(The data)
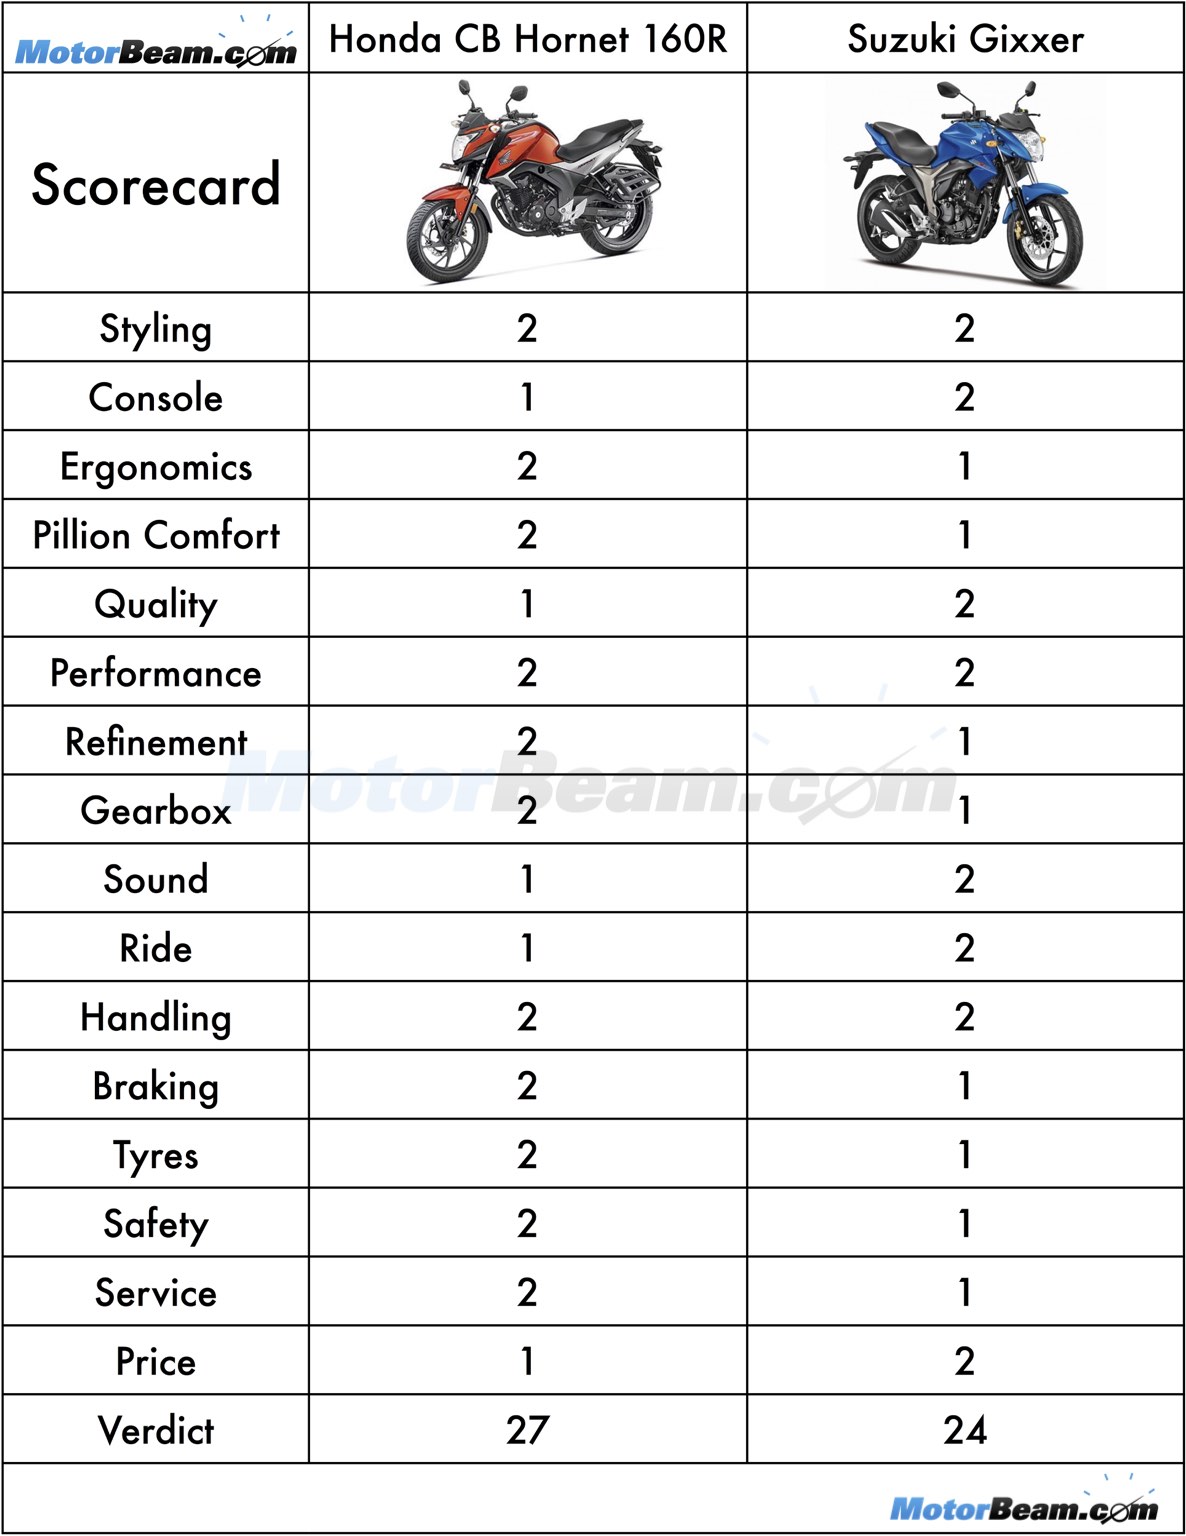 Honda CB Hornet 160R vs Suzuki Gixxer Scorecard
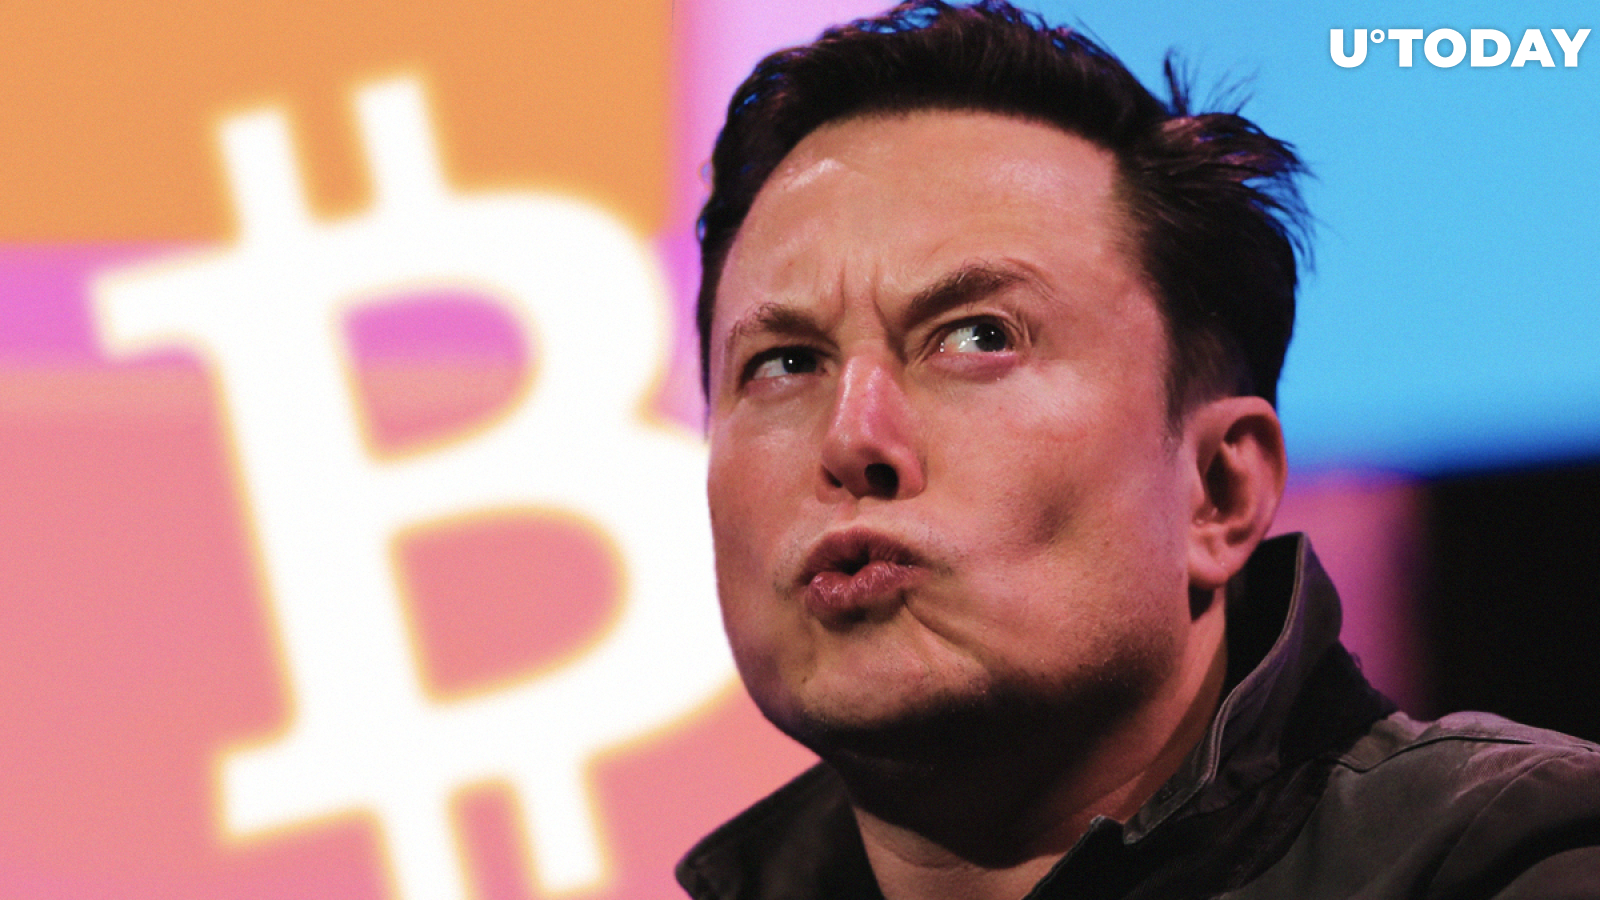 Bitcoin (BTC) Is Not My Safeword: Elon Musk
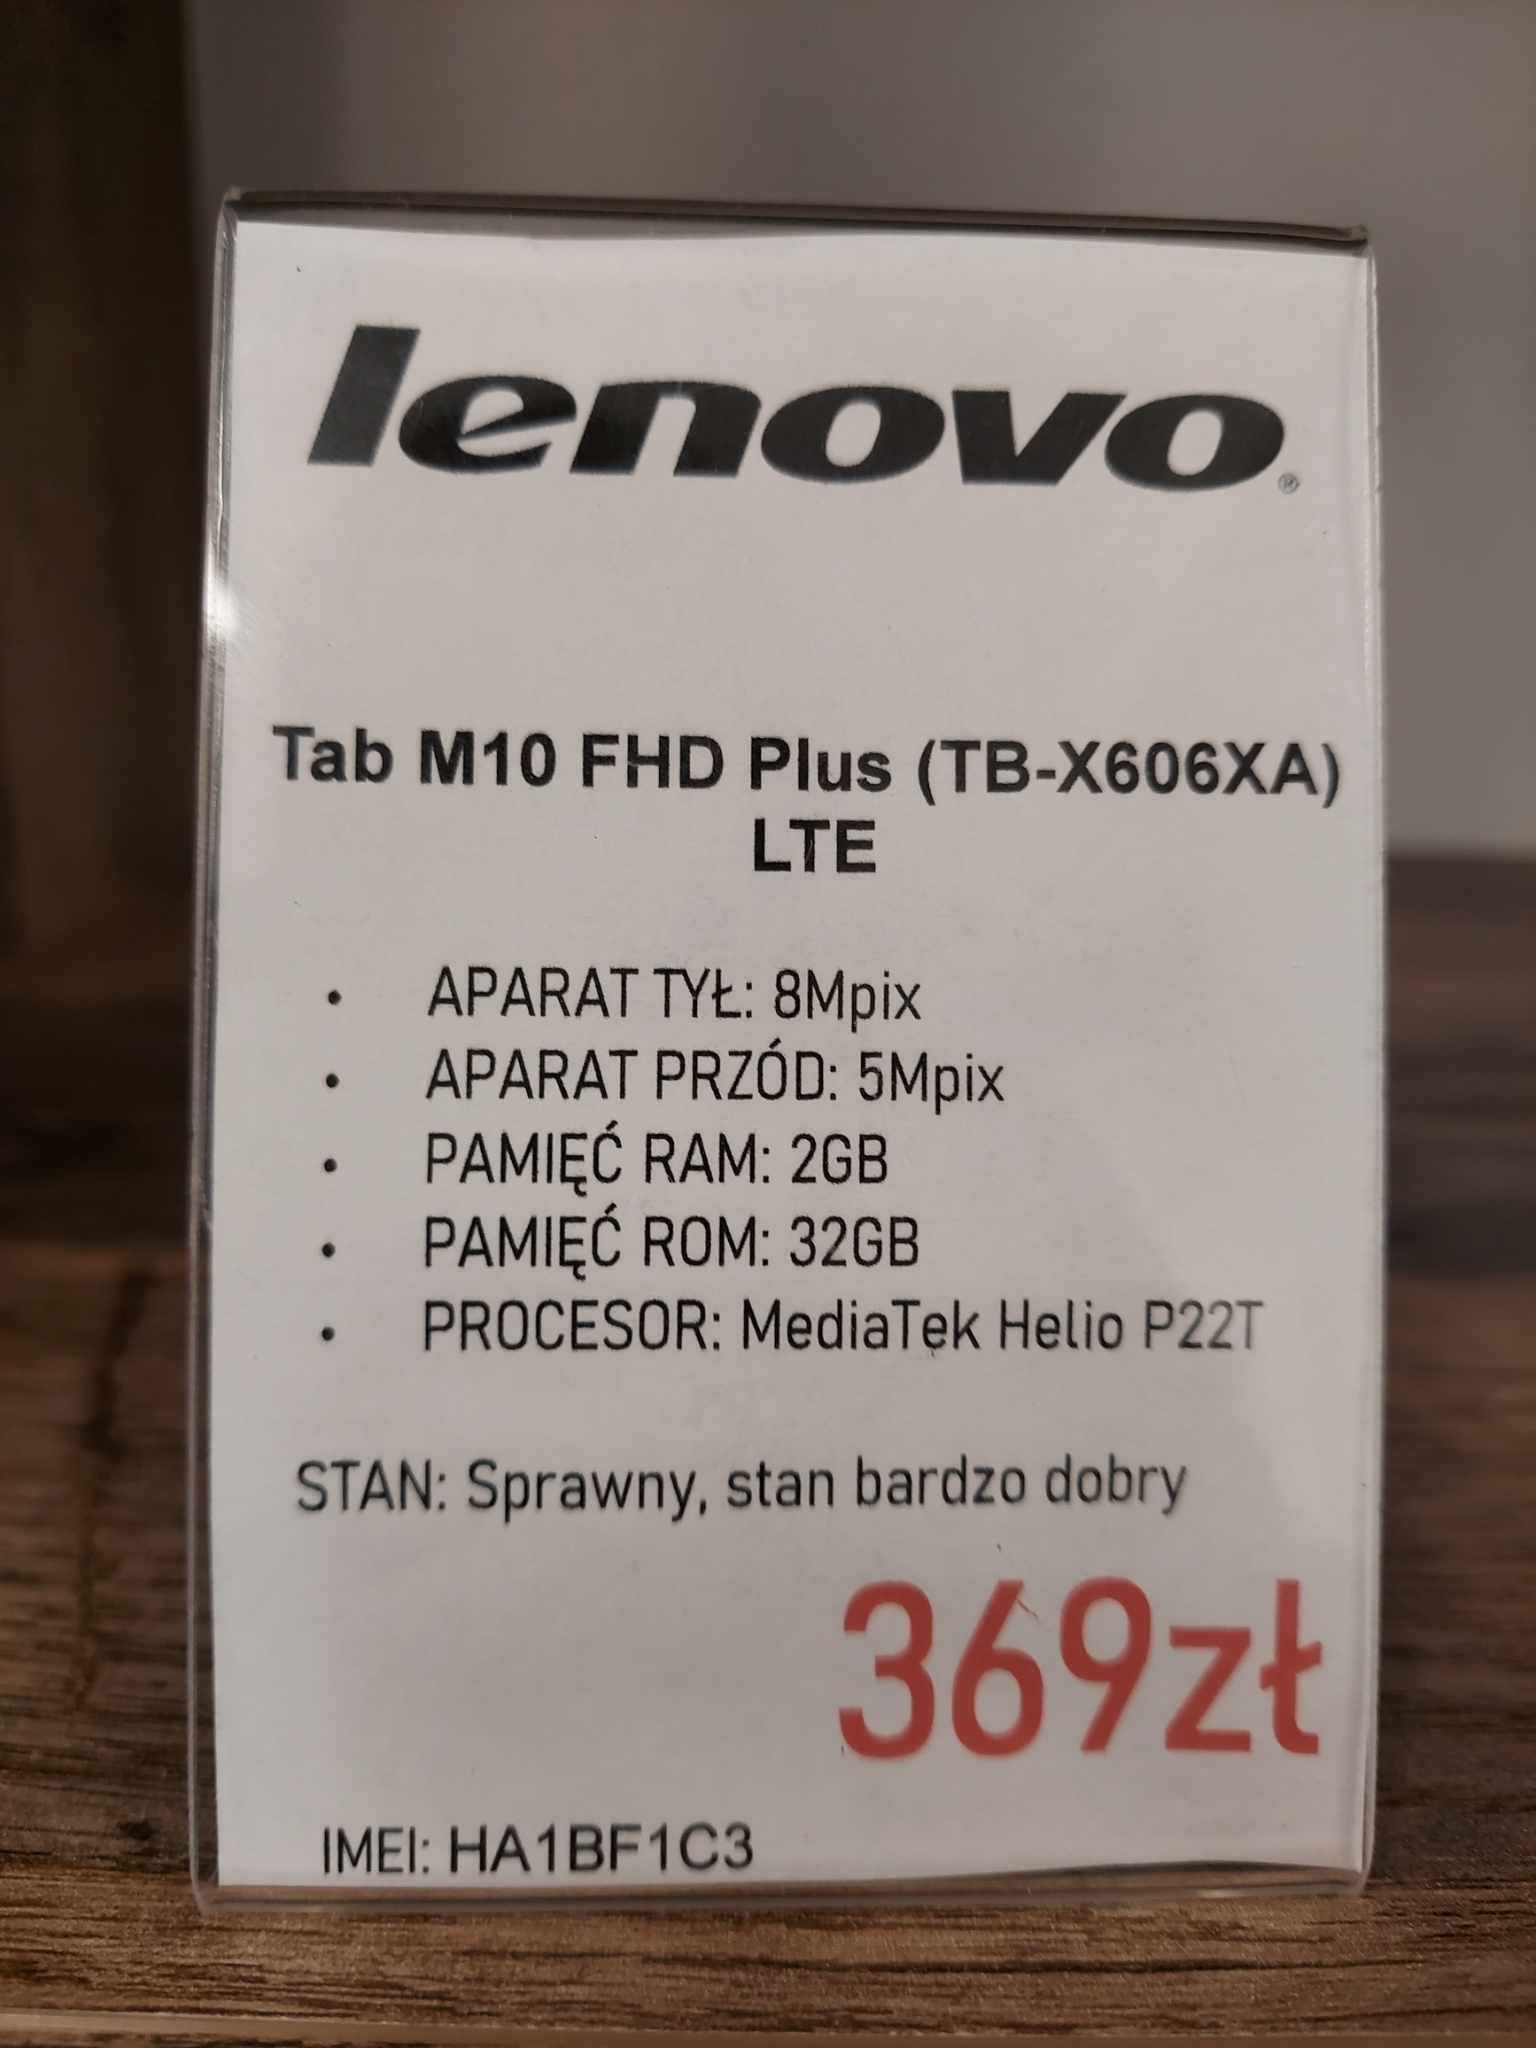 Tablet Lenovo Tab M10 FHD Plus (TB-X606XA) LTE 2/32GB gwarancja
(End The data)
| Exercise directions |
Please copy out the whole listing exactly, minus its pictures.

| Response area |
 Honda CB Hornet 160R vs Suzuki Gixxer Scorecard
 Bitcoin (BTC) Is Not My Safeword: Elon Musk
 Tablet Lenovo Tab M10 FHD Plus (TB-X606XA) LTE 2/32GB gwarancja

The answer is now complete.